Once you have this basic setup, you will need to edit the _settings.scss and change the import of util, which points to its package relative location by default and change this to use the full path to the package util directory (relative to the scss file you are compiling) e.g. 


@import 'util/util';


@import '../node_modules/foundation-sites/scss/util/util';

Since Foundation doesn't include settings by default (to allow you to do it) you then need to populate
your own app.scss to include both the settings FIRST and then the foundation file. Something like this:

@import 'settings';
@import '../node_modules/foundation-sites/scss/foundation';

But the important thing to realise is that by default, you will not get any css! This is deliberate. Since each component in Foundation defines mixins as well as content and you might want access to mixins without having to generate all the content. The import part gives you access to everything but you will only get CSS for what you INCLUDE into your scss file AFTER your @import declarations. You can get the full list of items to include from the sass docs page. You might not know what they all are right now but it's up to you how much you include now and how much to try and bring in other stuff later.

Obviously your sass compiler in gulp (or whatever) can put the output CSS wherever it wants, I put mine directly into the web/css directory for use by the site. You can also set various sass options like compression to minify it for production.
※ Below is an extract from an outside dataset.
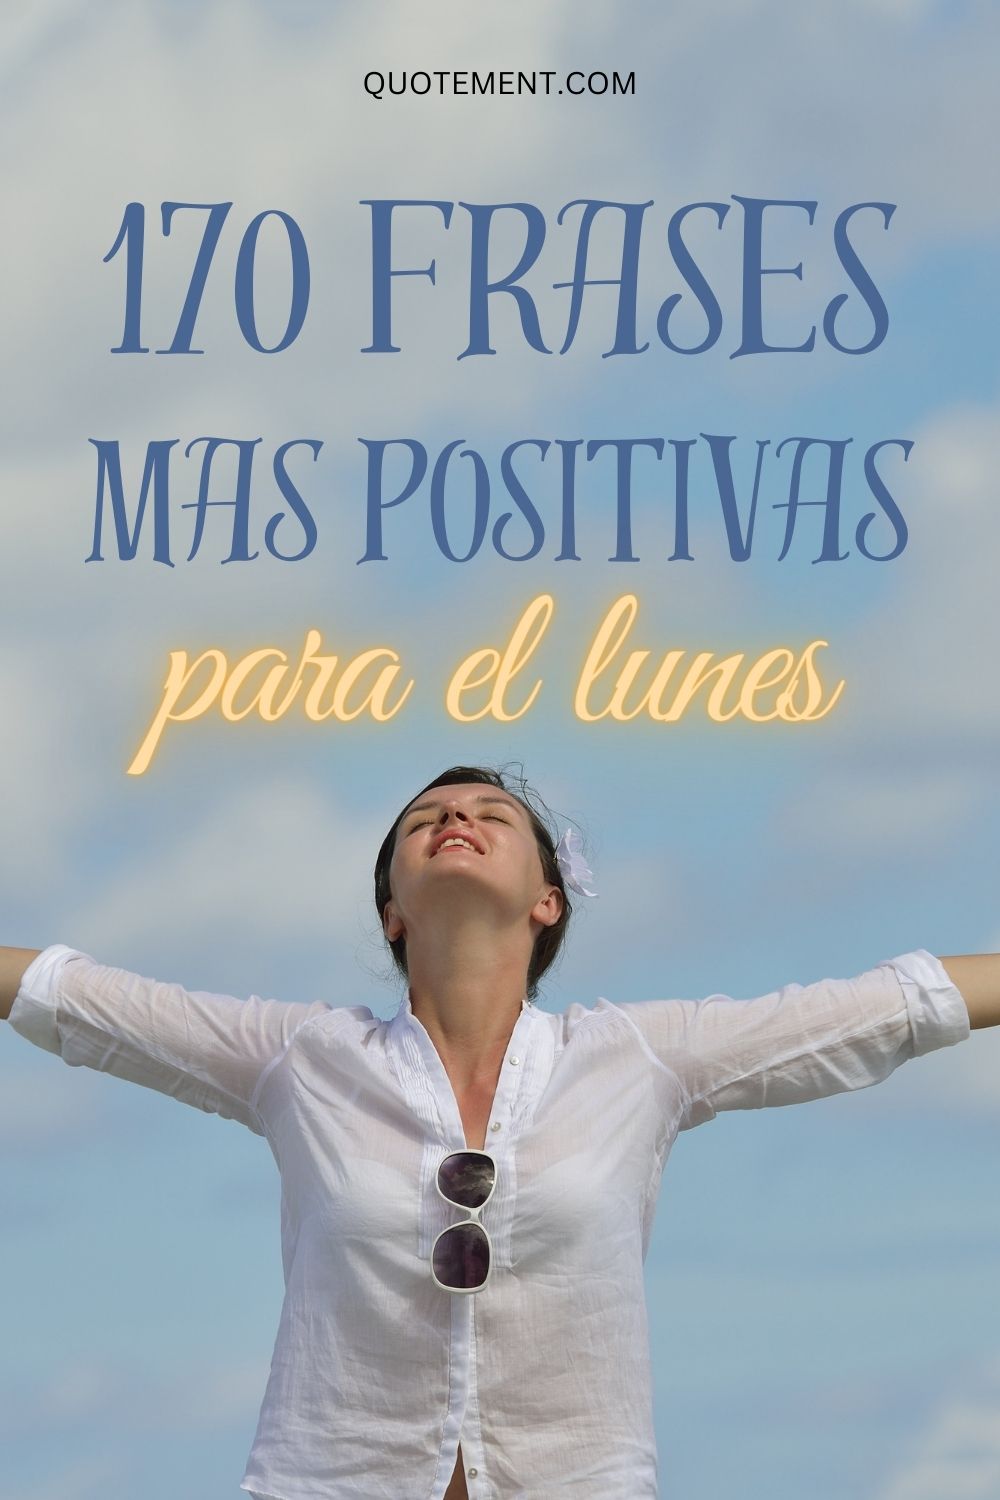 170 frases positivas para afrontar la semana con optimismo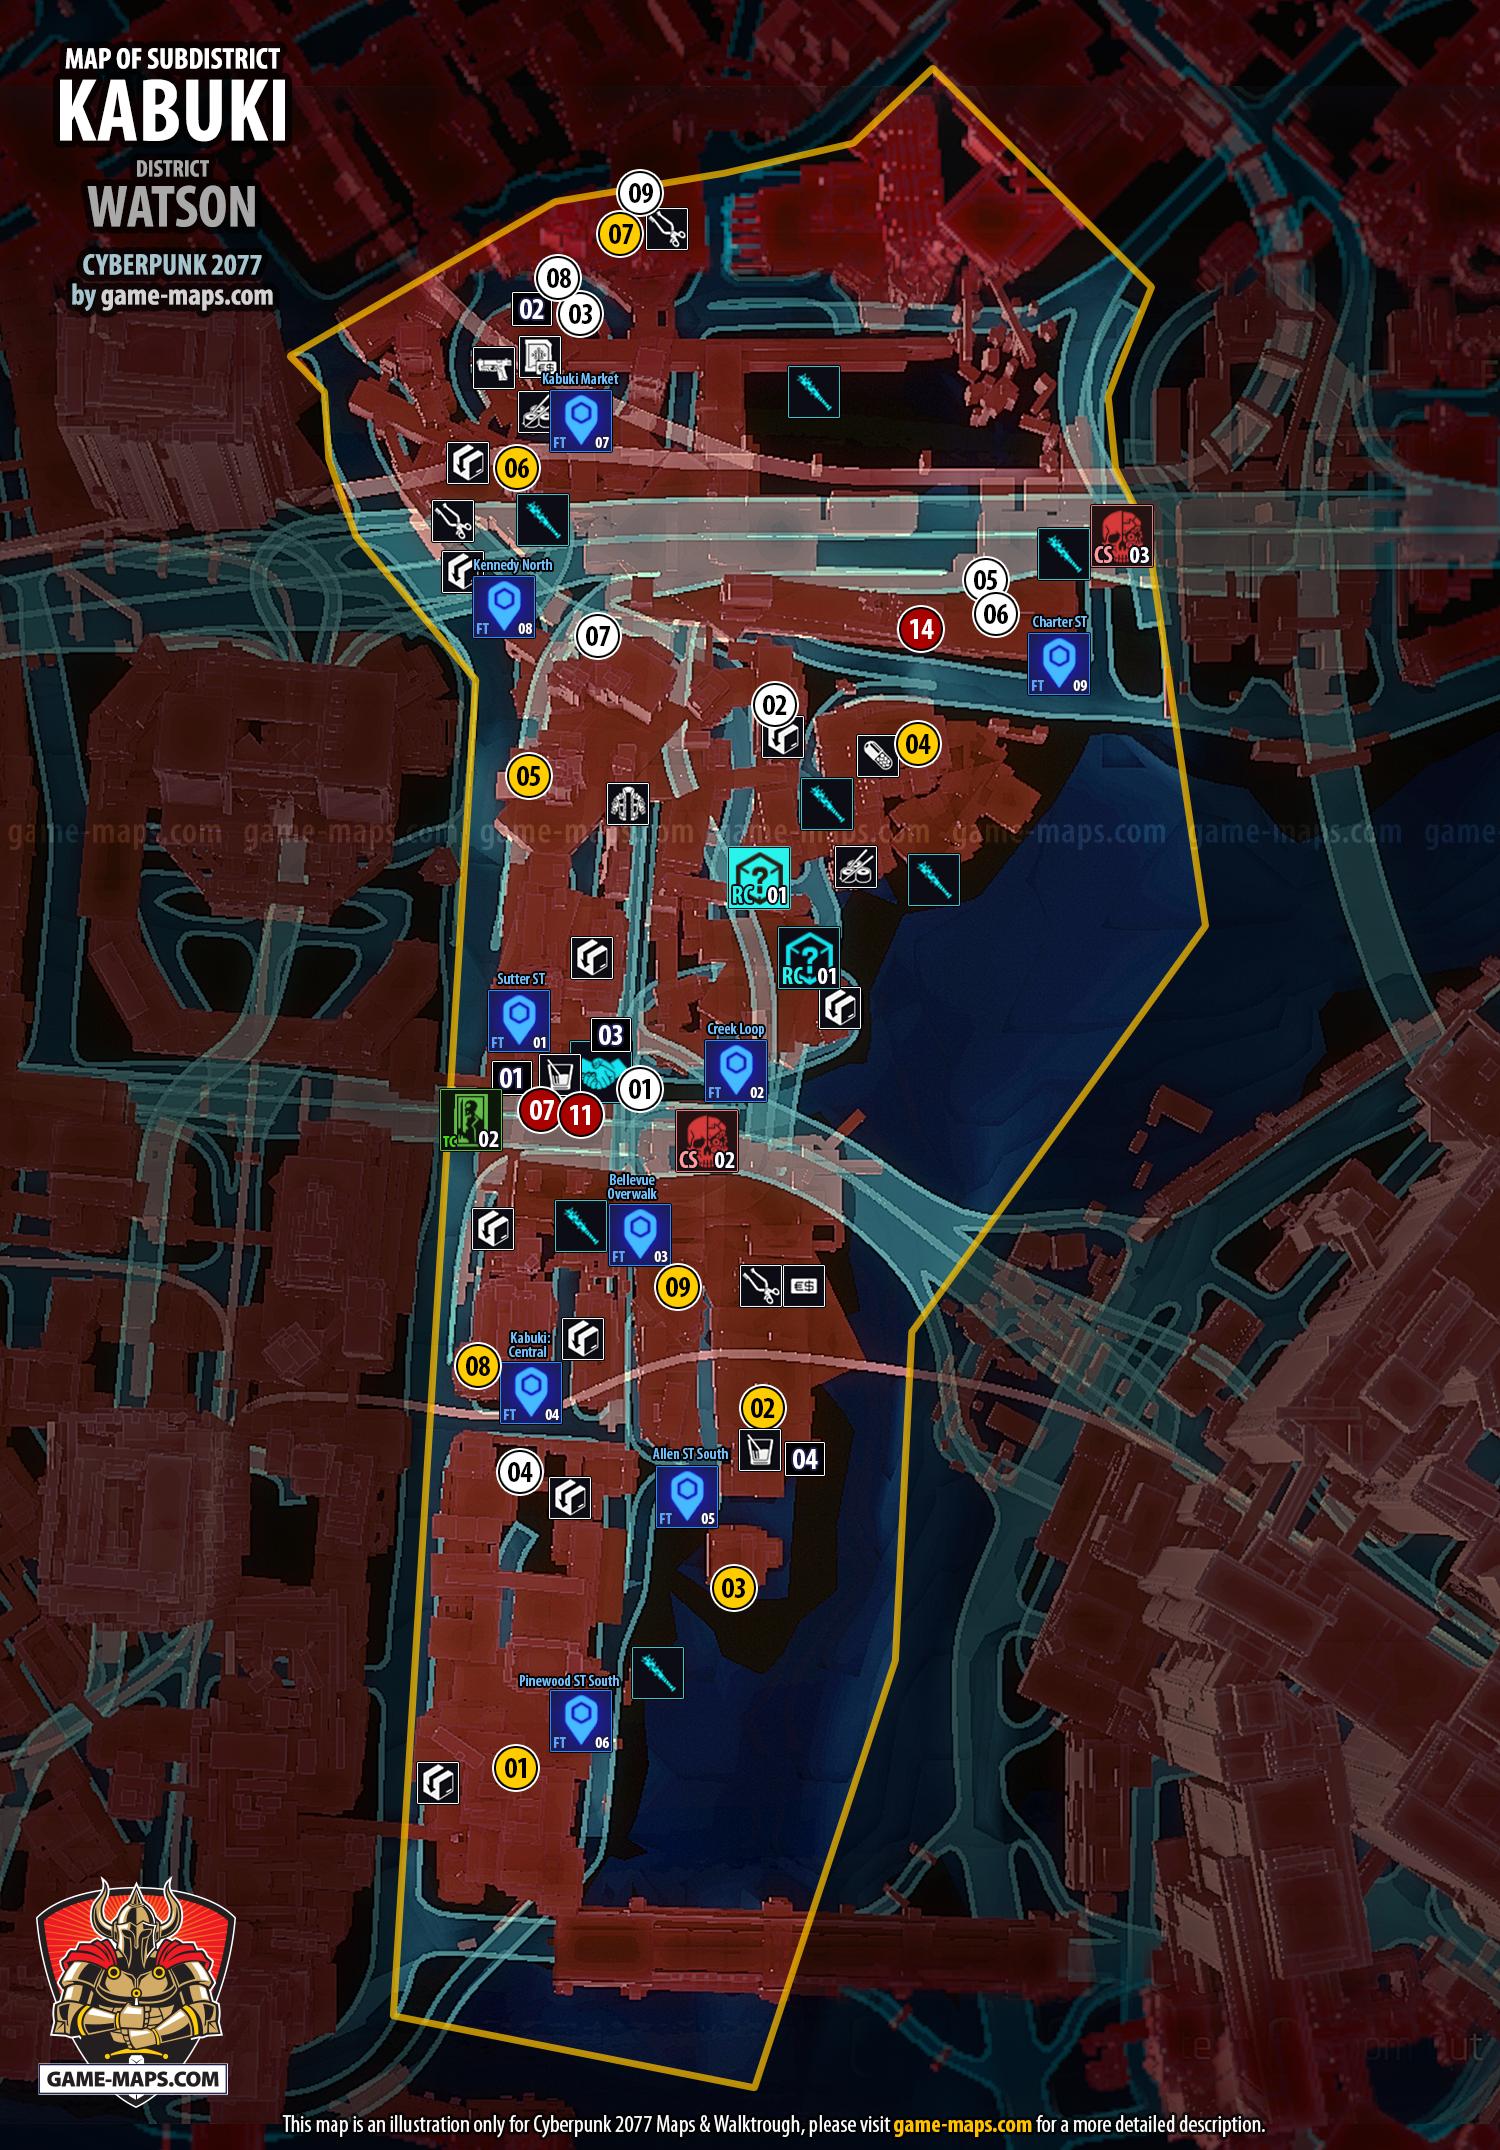 Kabuki Map in Watson District - Cyberpunk 2077

It is up to you whether you want to use the watch function to automatically rebuild the CSS any time you change your settings or app.scss and also whether you want to use browserlink, which allows the browser to be reloaded automatically after changes, something that cab be useful for rapid testing of CSS changes.

Configuring the grids

Although you won't necessarily need to change colours and stuff right now, you should consider which parts of the grid to include and what to set flexbox to. Flexbox is a nice new feature in HTML but it is not supported in really old browsers. Depending on whether you care, you should leave it enabled or disable it with the $global-flexbox variable in _settings. You can also disable $xy-grid, which is the preferred new grid, if you do not want to support flexbox by default and need to rely on the legacy Float Grid.